Tuesday, March 13, 2012

A Letter to Ourselves

You’ve been wandering for quite a while now. You know it, I know it. The path through the forest seems to be taking a suspiciously circular formation; you think this because this seems an awful lot like the same mud hole you got stuck in last time.

I know what you’re thinking. What you’re feeling. You have become intimate friends with the self-deprecating gears grinding away in your skull. And by friends I mean, of course, sworn enemies attached at the hip.

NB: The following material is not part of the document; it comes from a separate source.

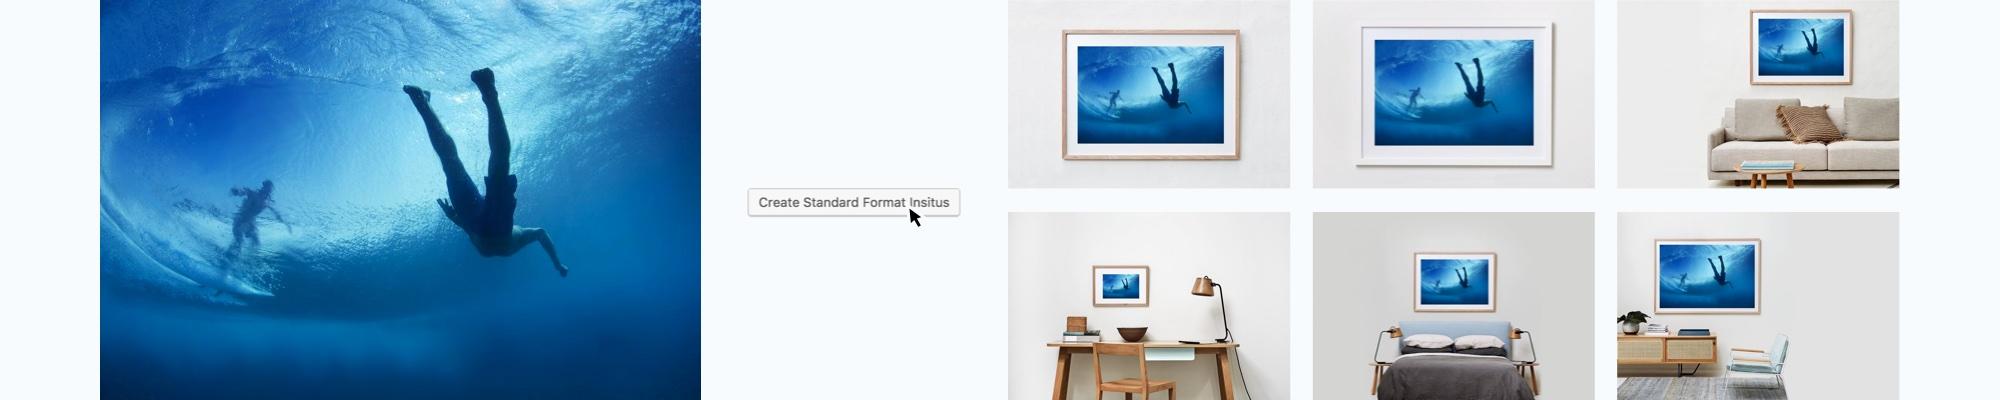 WooCommerce Image Merge

You’ve come to the point where you’ve collapsed on your ass in the middle of a strange, cold wilderness, thrown up your hands and declared, “What the hell am I doing here? Why?” I know you have done and said these things, my love. I know because I was there with you, by your side and in your heart. Thinking you were alone, you were frightened and ashamed, putting on a proud, brave face whenever passersby came near, intent on their own twisting paths.

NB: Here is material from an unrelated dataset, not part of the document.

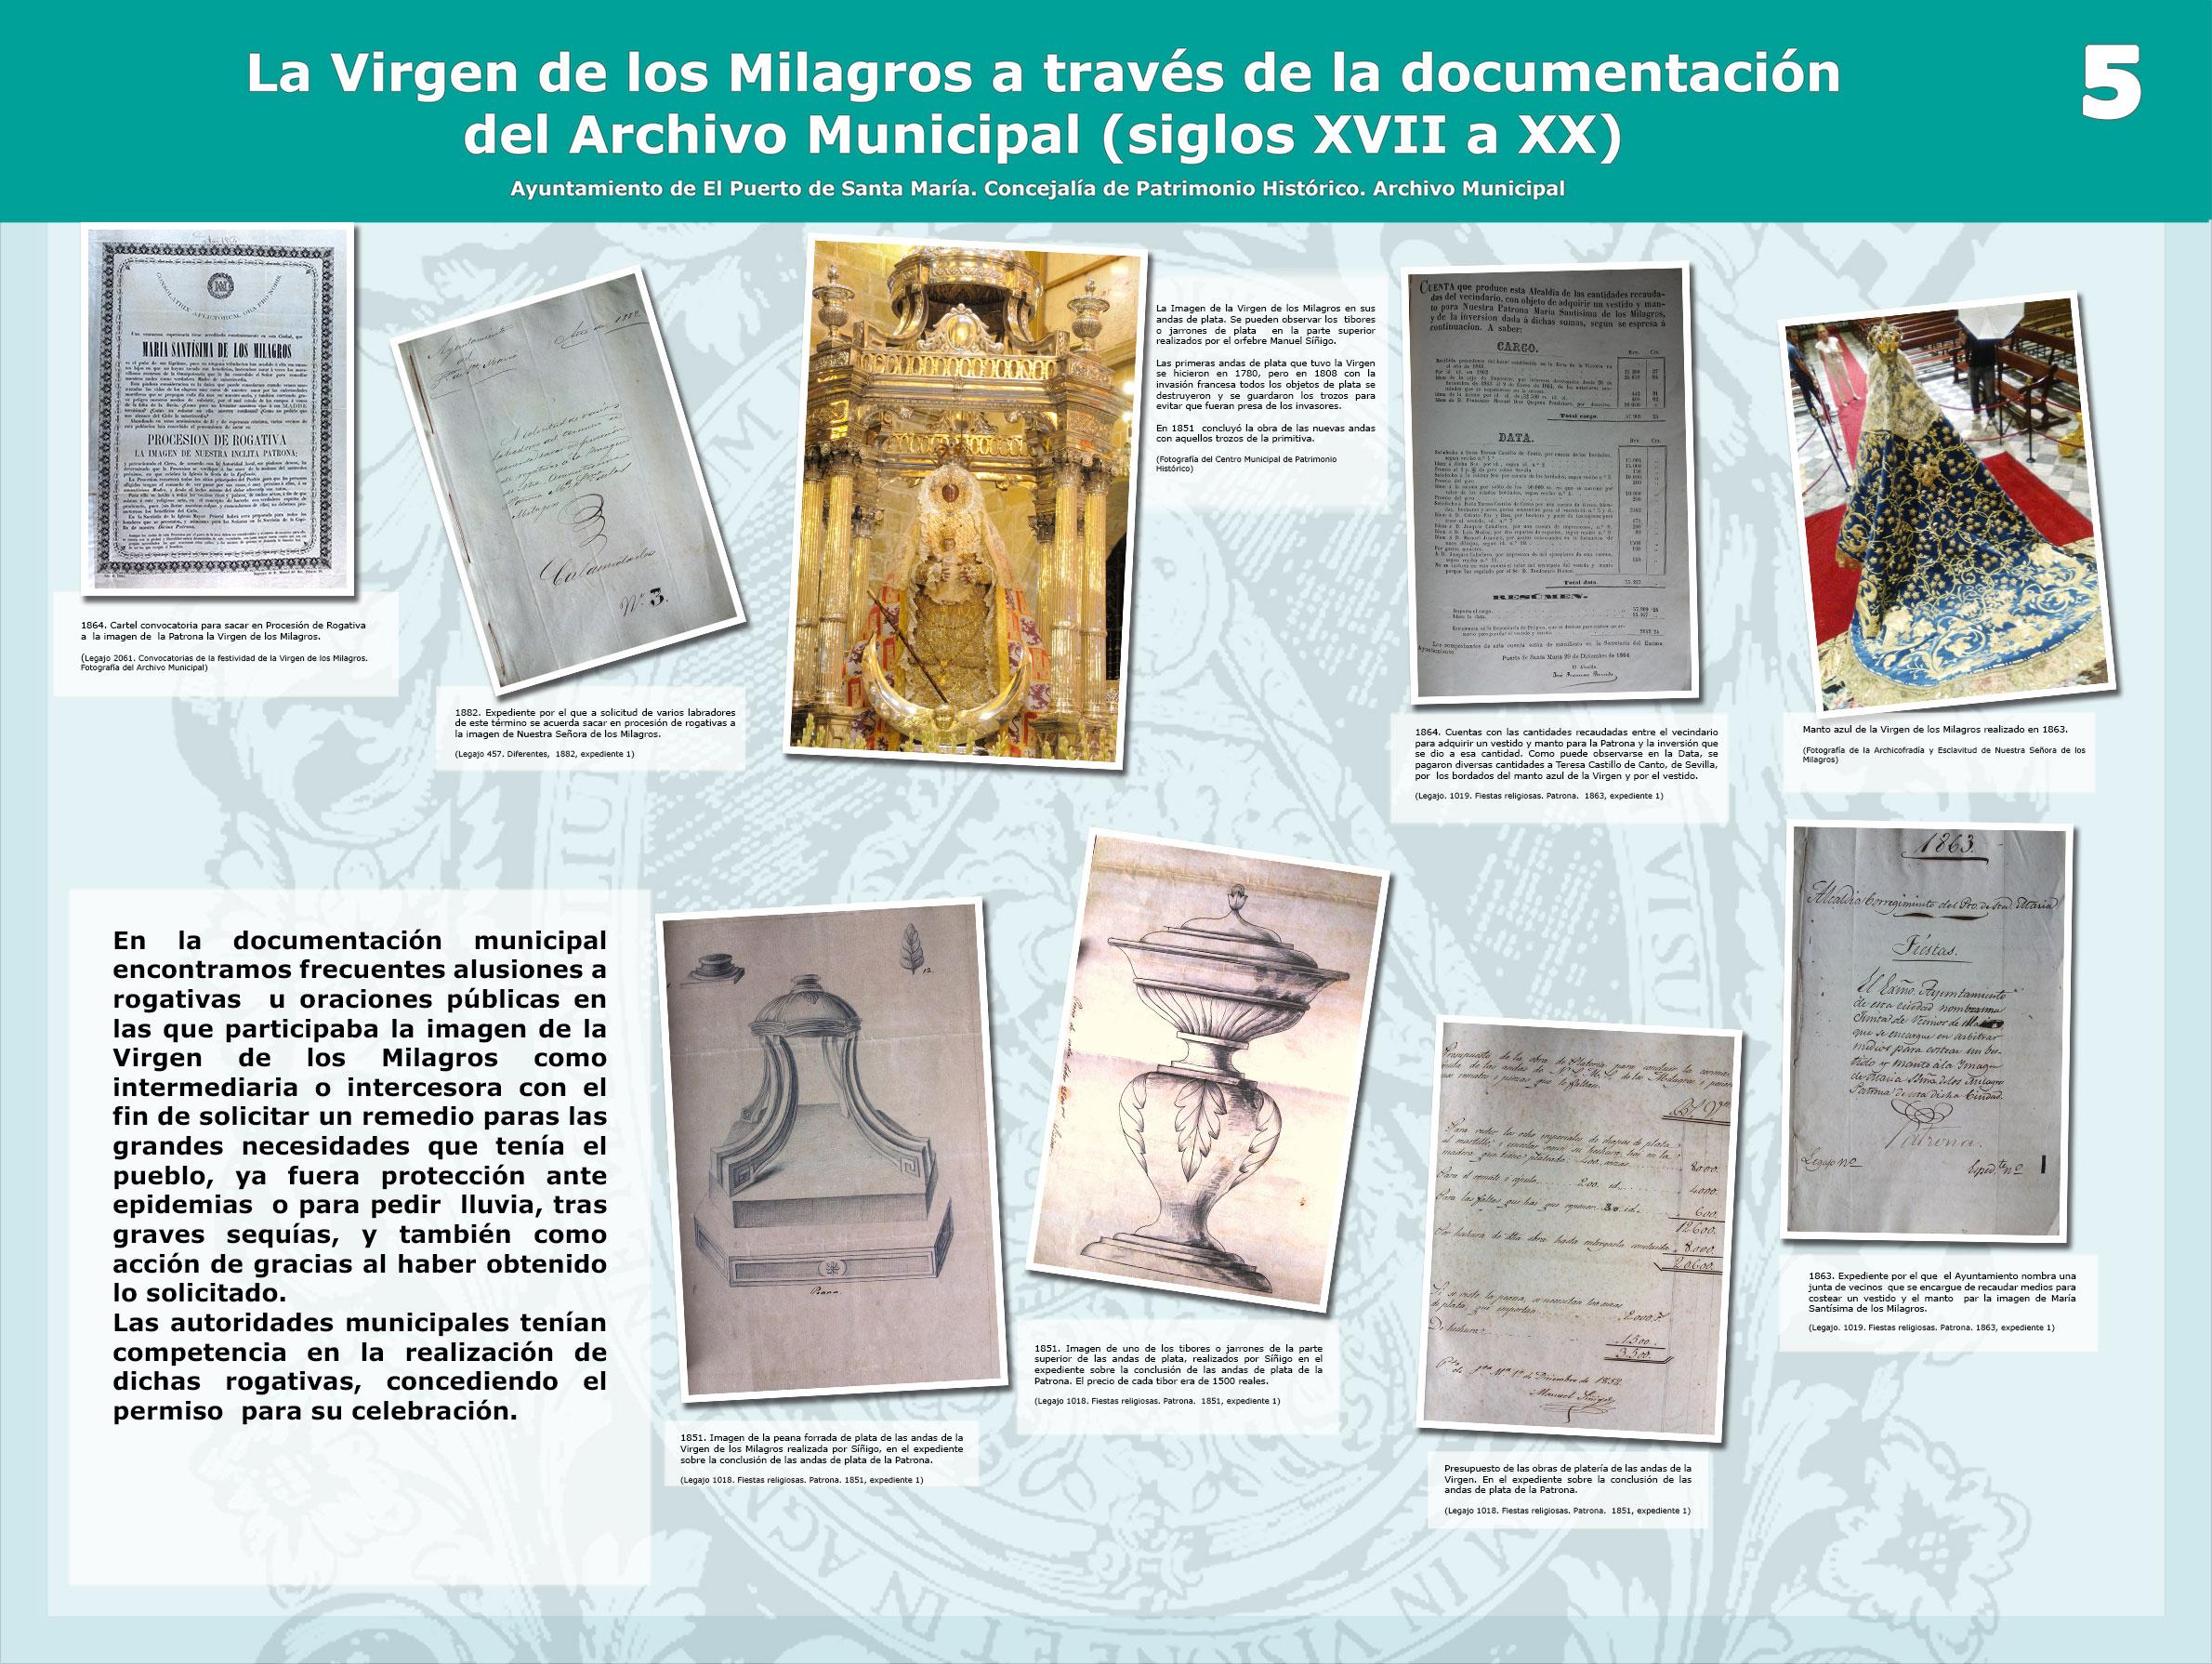 La Virgen de los Milagros a través de la documentación del Archivo Municipal (s. XVII a XX)

Amidst the wilderness, you felt your body had become an even more terrifying place, a war zone. Alien and uncomfortable, what should have been your home, your safe and sacred place, was nothing more than a reminder of all the mistakes, and all the left turns you made when the simpler path was to the right. And even in that moment, knowing clear and well, you turned left yet again.

“I am lost!” you sobbed, pounding your fists into dirt, into stone, “I am lost, I am lost!”

Stripped bare of all external defenses, you have guarded your heart well, finding it better to carry the heavy wall than to let it drop and leave the burden behind. Stronger this wall became, and heavier, until you were forced to slowly drag it behind you, pulling and straining, forgetting not only where you were going but why you were headed there. Frustrated, it was this moment your knees buckled under all the pressure, and the self-loathing you created.

But here is the beginning of your story, and the moment you open your eyes to gaze around at the wilderness you found yourself so hopelessly lost in. In the moment you realized how lost you truly were, you also discovered you knew exactly where you were. There was no other place you could have been, as you found yourself: dirty, exhausted, broken, disillusioned, and utterly, and completely REAL.